Moraes atuou para favorecer indústria do cigarro

O deputado Sérgio Moraes (PTB-RS), que disse se ?lixar? para a opinião pública, atuou no início deste ano diretamente no Banco do Brasil e no governo federal para defender os interesses dos produtores de fumo e das indústrias de cigarro, entre elas a Alliance One Brasil Exportadora de Tabacos Ltda. e a CTA Continental Tabaco Alliance S.A., que juntas doaram 59% dos recursos arrecadados oficialmente em sua campanha de 2006. A atuação assumida publicamente por ele visava à liberação de créditos de R$ 2 bilhões para promover a produção e a exportação da safra do produto, em risco por causa da crise.

AE, Agencia Estado

13 de maio de 2009 | 08h28

Além do crédito, o trabalho de ?pressão? do deputado ajudou a conseguir a autorização de reajuste de 13,1% para o tabaco, uma vitória para a indústria do setor. ?Nós estamos pressionando o Banco do Brasil para liberar ao redor de US$ 1 bilhão de dólares, um dinheiro para capital de giro do setor fumageiro?, afirmou na ocasião para uma emissora de rádio. No próprio site do PTB, é dado destaque à reunião que o parlamentar teve com o vice-presidente do BB, José Maria Rabelo, na qual ele afirma: ?Nos últimos dias meu expediente foi no Banco do Brasil.?

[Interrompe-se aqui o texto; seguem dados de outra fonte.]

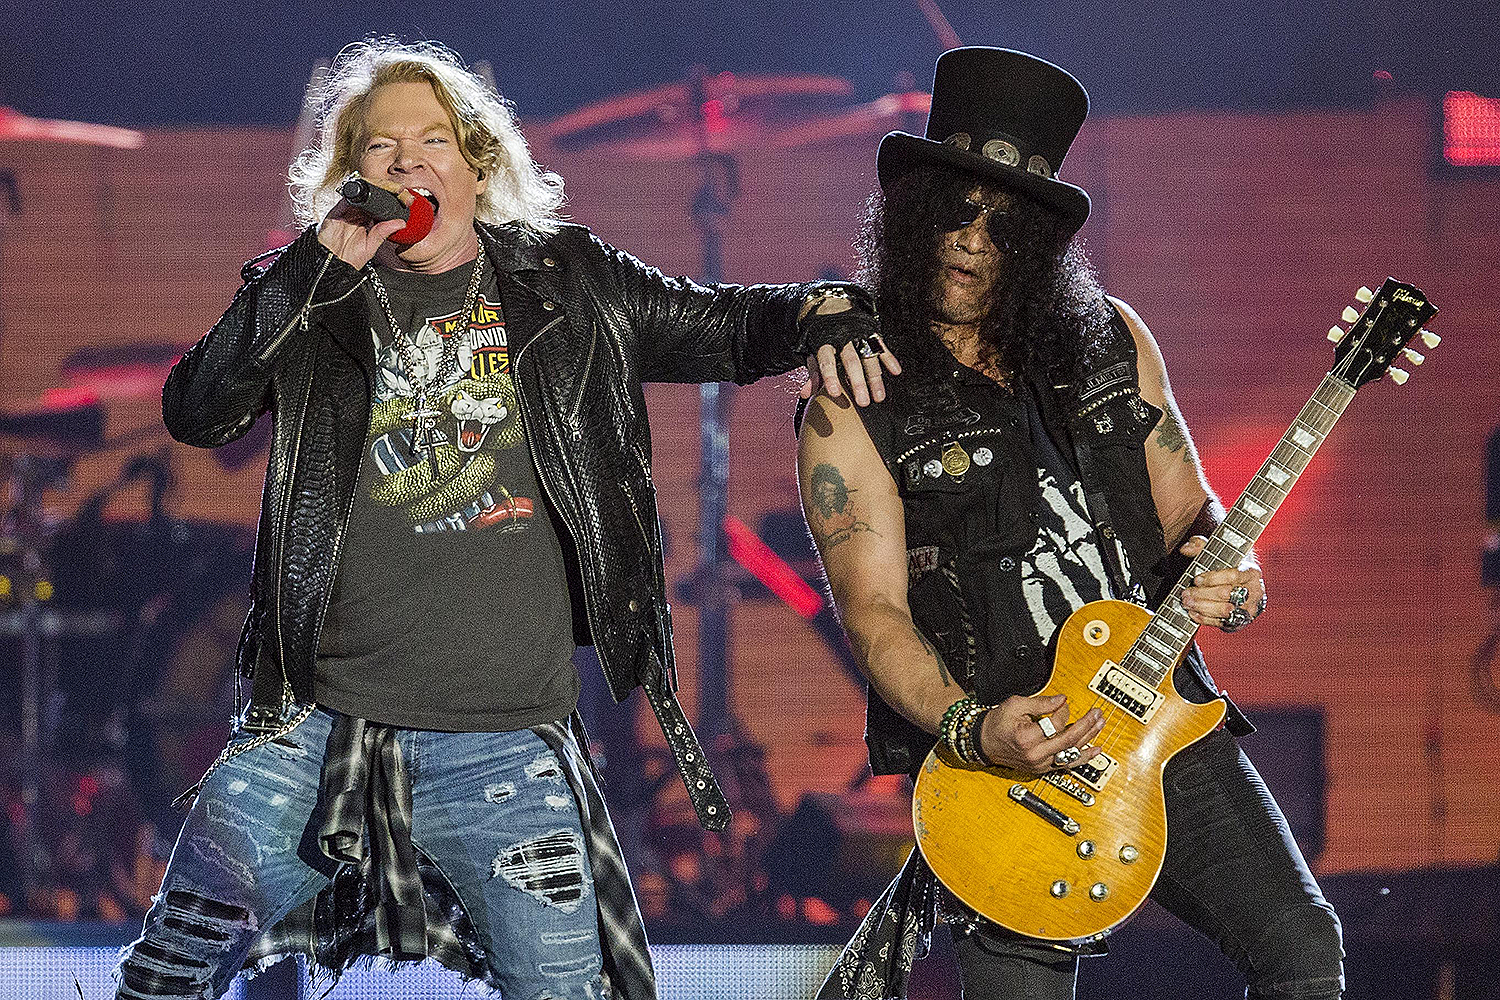 Com voz esganiçada, Axl Rose dá vexame em show do Guns N' Roses | VEJA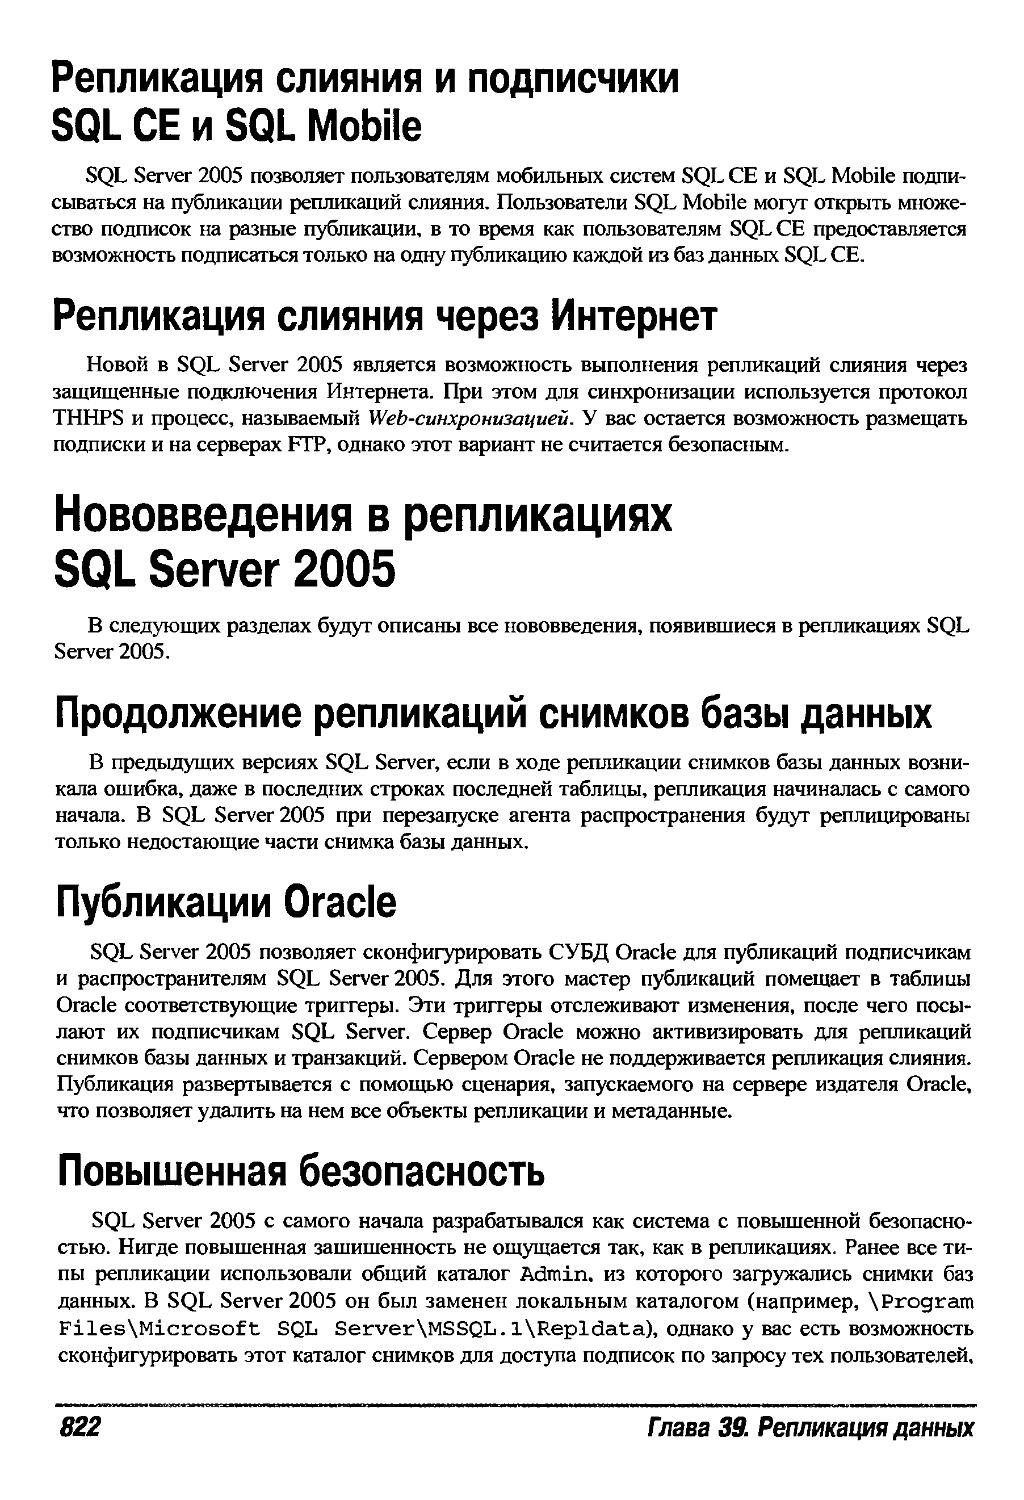 Нововведения в репликациях SQL Server 2005

Moraes argumentou que a safra deste ano já estava vendida para o exterior, mas era preciso a liberação do crédito do Banco do Brasil para as empresas obterem capital para adquirir o fumo do produtor rural, industrializá-lo e mandá-lo para fora do País. O deputado argumenta que é defensor sim da indústria do fumo e diz que o dinheiro liberado servirá para contratação de 9 mil pessoas nas empresas e 800 mil nas roças. ?Esse produto está vendido para o exterior. Porém, é preciso do capital de giro para adquirir do produtor rural e depois industrializar e remeter para o exterior?, disse em entrevista, na ocasião da liberação dos recursos. As informações são do jornal O Estado de S. Paulo.